View full documentation here.

Get Top Github Repositories' URLs

from top_github_scraper import get_top_repo_urls

get_top_repo_urls(keyword="machine learning", stop_page=10)

Output at top_repo_urls_<keyword>_<sort_by>_<start_page>_<end_page>.json:

[
    "/josephmisiti/awesome-machine-learning",
    "/wepe/MachineLearning",
    "/udacity/machine-learning",
    "/Jack-Cherish/Machine-Learning",
    "/ZuzooVn/machine-learning-for-software-engineers",
    "/rasbt/python-machine-learning-book",
    "/lawlite19/MachineLearning_Python",
    "/lazyprogrammer/machine_learning_examples",
    "/trekhleb/homemade-machine-learning",
    "/ujjwalkarn/Machine-Learning-Tutorials"
]

Get Top Github Repositories' Information

from top_github_scraper import get_top_repos

get_top_repos("machine learning", stop_page=10)

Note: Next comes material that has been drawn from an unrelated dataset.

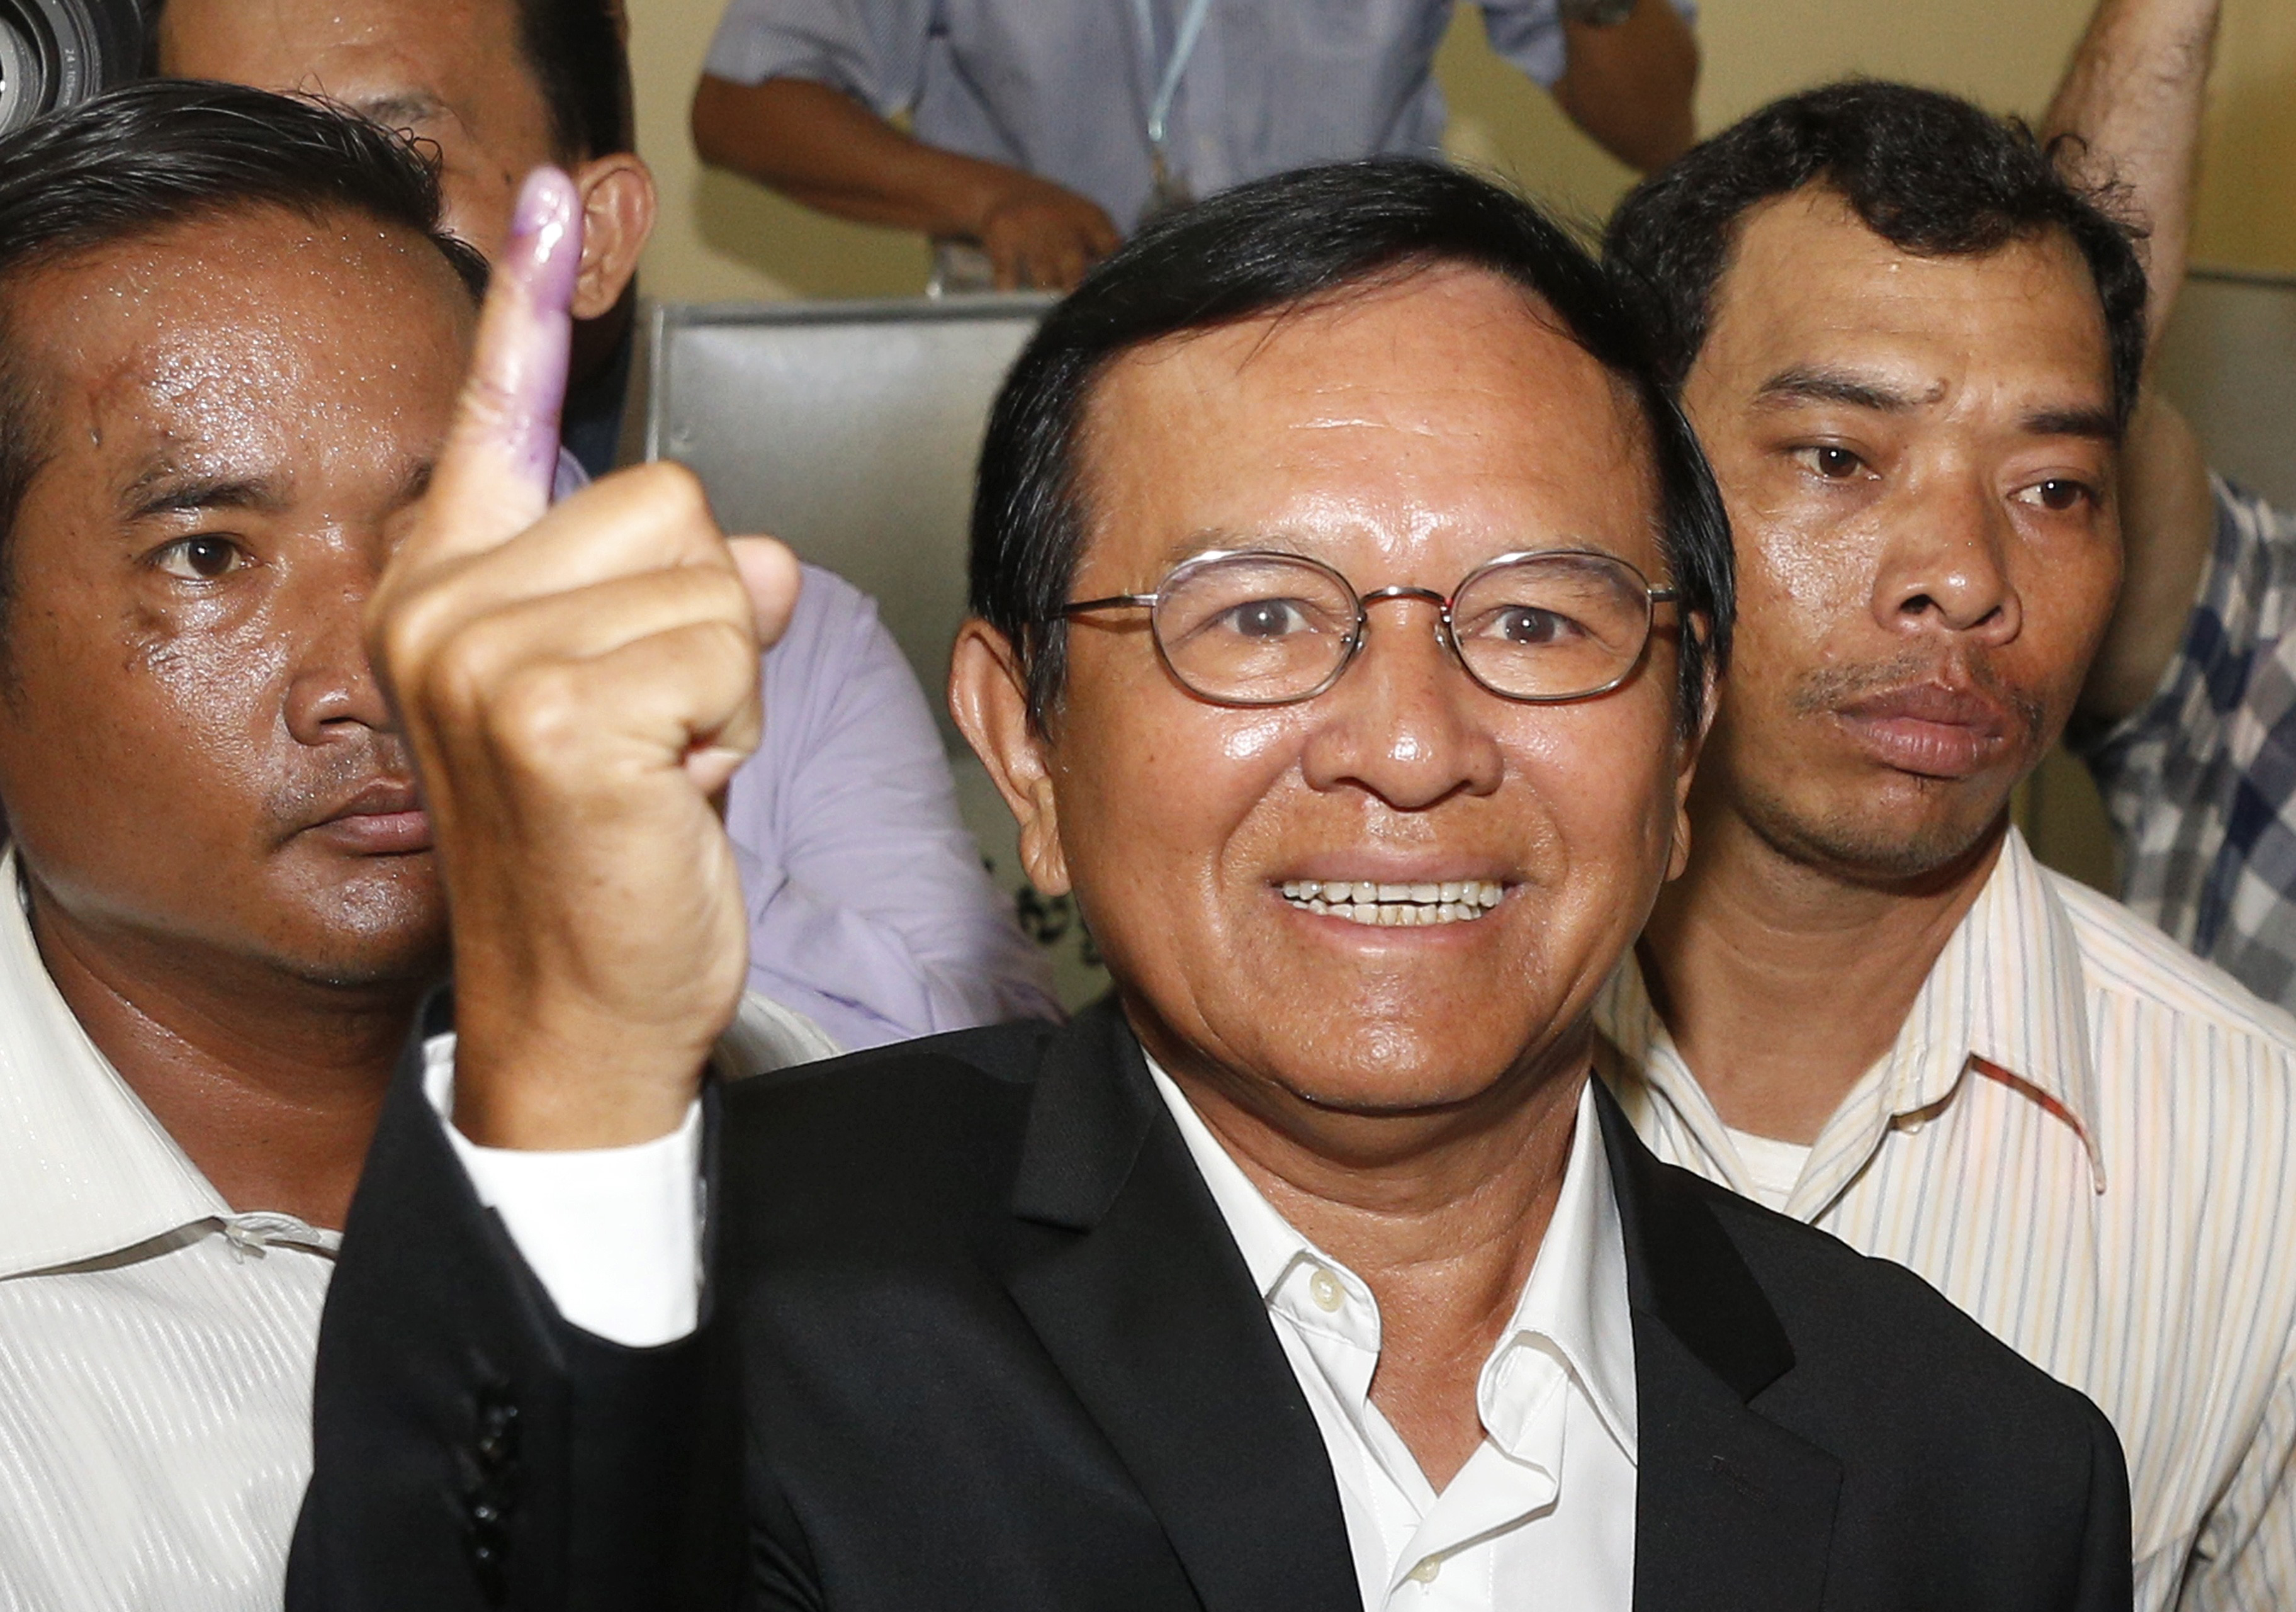 Árulással és kémkedéssel vádolnak egy ellenzéki vezetőt Kambodzsában

Output for 1 repository at top_repo_info_<keyword>_<sort_by>_<start_page>_<end_page>.json :

{
        "stargazers_count": 48620,
        "forks_count": 12155,
        "contributors": {
            "login": [
                "josephmisiti",
                "josephmmisiti",
                "hslatman",
                "0asa",
                "ajkl",
                "ipcenas",
                "cogmission",
                "spekulatius",
                "basickarl",
                "NathanEpstein"
            ],
            "url": [
                "https://api.github.com/users/josephmisiti",
                "https://api.github.com/users/josephmmisiti",
                "https://api.github.com/users/hslatman",
                "https://api.github.com/users/0asa",
                "https://api.github.com/users/ajkl",
                "https://api.github.com/users/ipcenas",
                "https://api.github.com/users/cogmission",
                "https://api.github.com/users/spekulatius",
                "https://api.github.com/users/basickarl",
                "https://api.github.com/users/NathanEpstein"
            ],
            "contributions": [
                671,
                105,
                21,
                12,
                11,
                9,
                8,
                7,
                7,
                7
            ]
        }
    }

Get Top Github Contributors' Profiles

from top_github_scraper import get_top_contributors

get_top_contributors("machine learning", stop_page=10)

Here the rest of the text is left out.